*ACTIVITY*:
Using only the entries below, copy exactly the lines that begin at the one with "1972 BMW 2002ti" and end at the one with "Kleia 7 Or 5", both included. Drop the pictures.

*DATASET EXTRACT*:
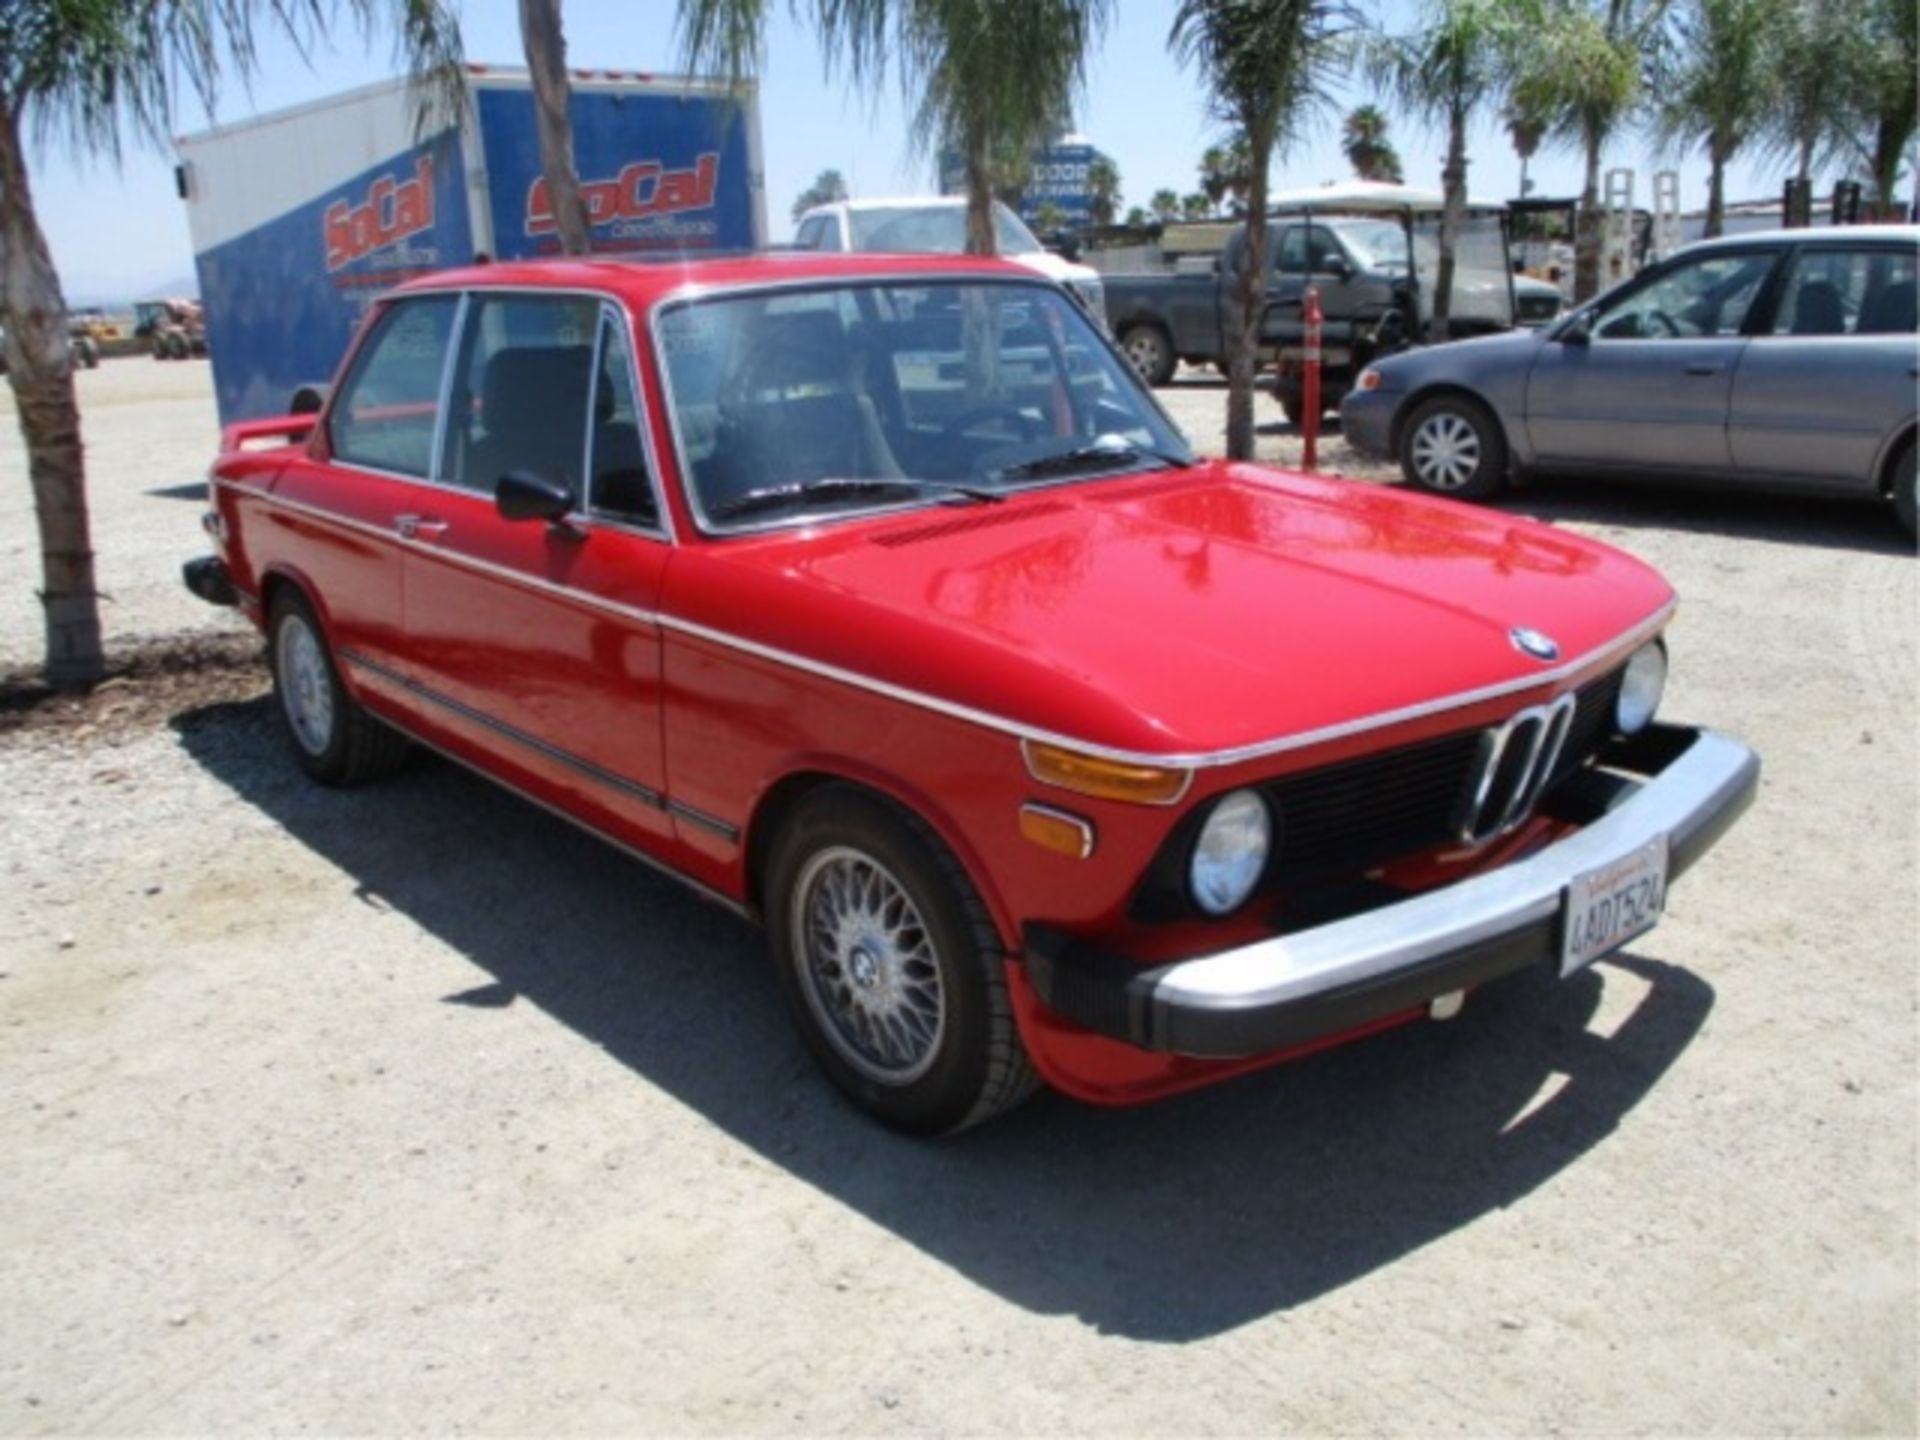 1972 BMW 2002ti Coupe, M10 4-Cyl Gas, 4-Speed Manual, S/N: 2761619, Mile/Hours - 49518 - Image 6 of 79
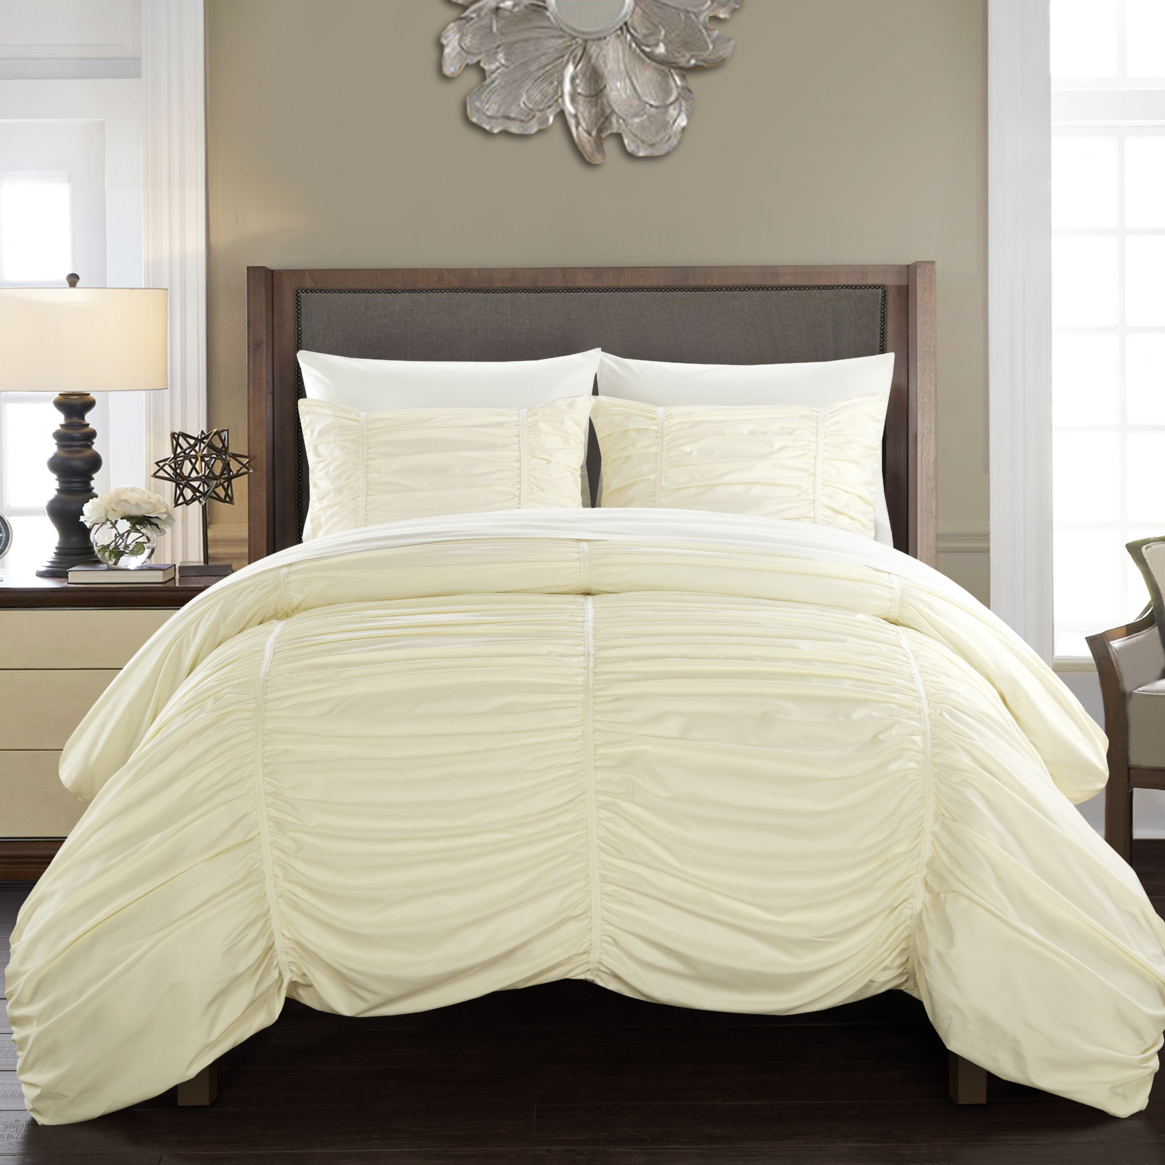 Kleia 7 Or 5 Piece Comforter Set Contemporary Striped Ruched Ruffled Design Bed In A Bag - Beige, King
--
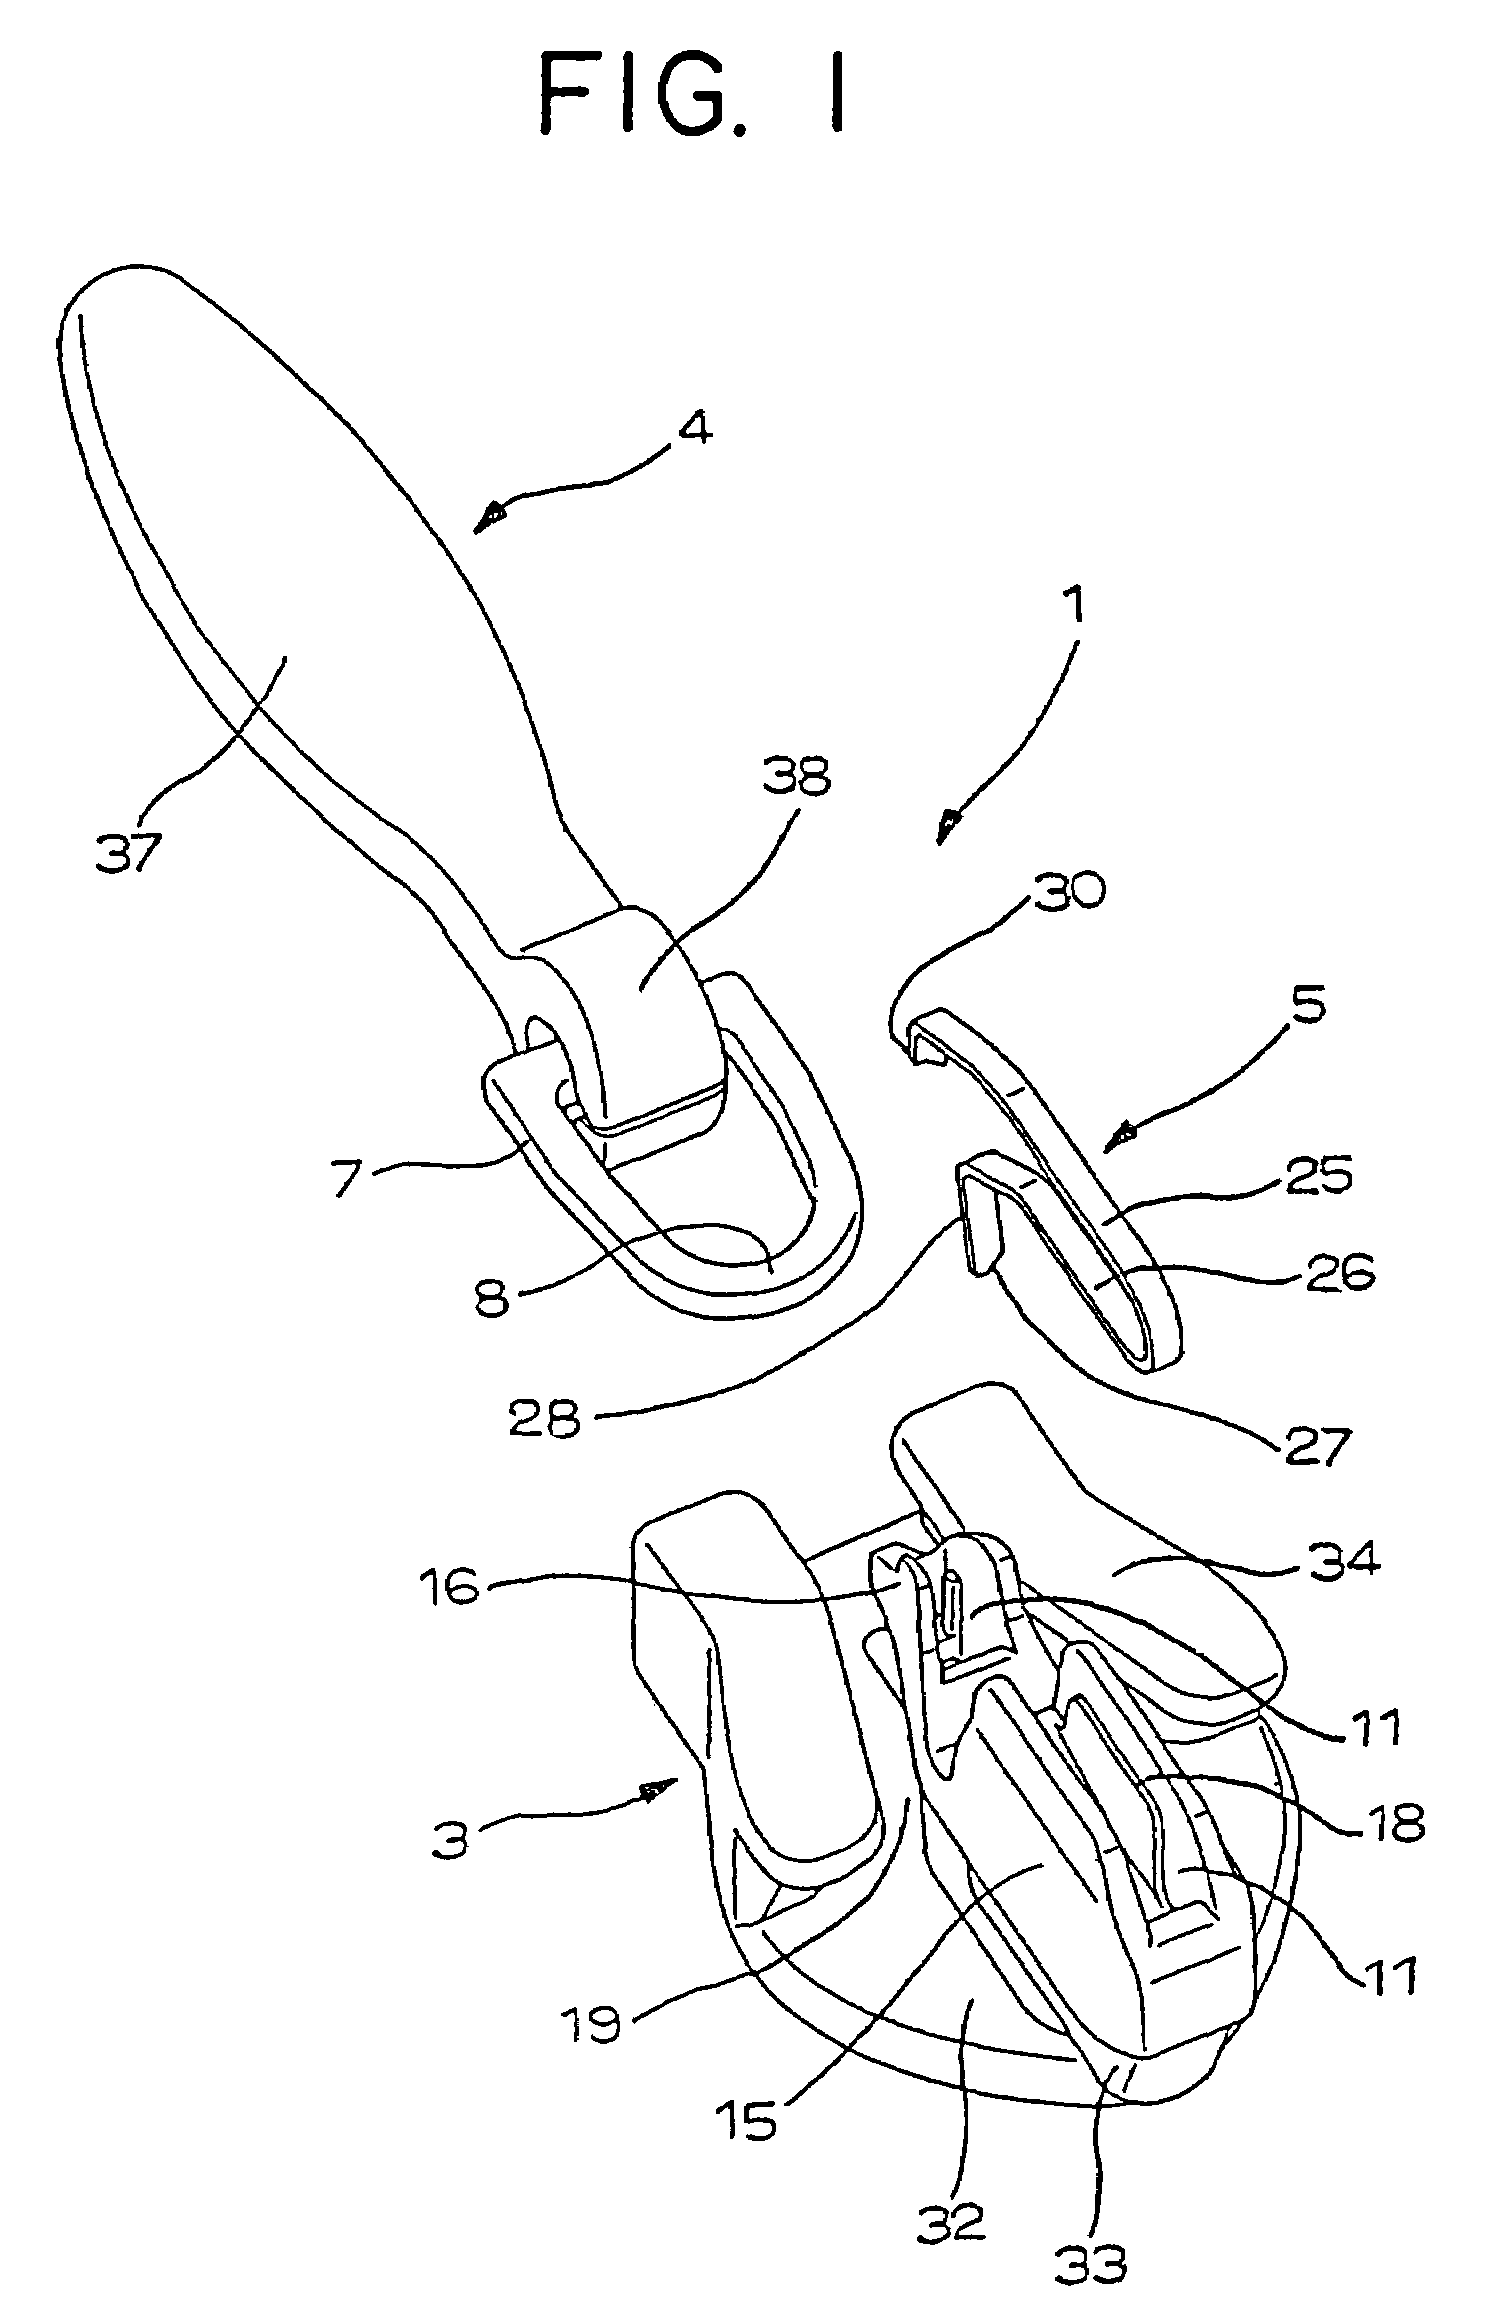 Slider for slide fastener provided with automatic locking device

*EXERCISE ANSWER*:
 1972 BMW 2002ti Coupe, M10 4-Cyl Gas, 4-Speed Manual, S/N: 2761619, Mile/Hours - 49518 - Image 6 of 79
 Kleia 7 Or 5 Piece Comforter Set Contemporary Striped Ruched Ruffled Design Bed In A Bag - Beige, King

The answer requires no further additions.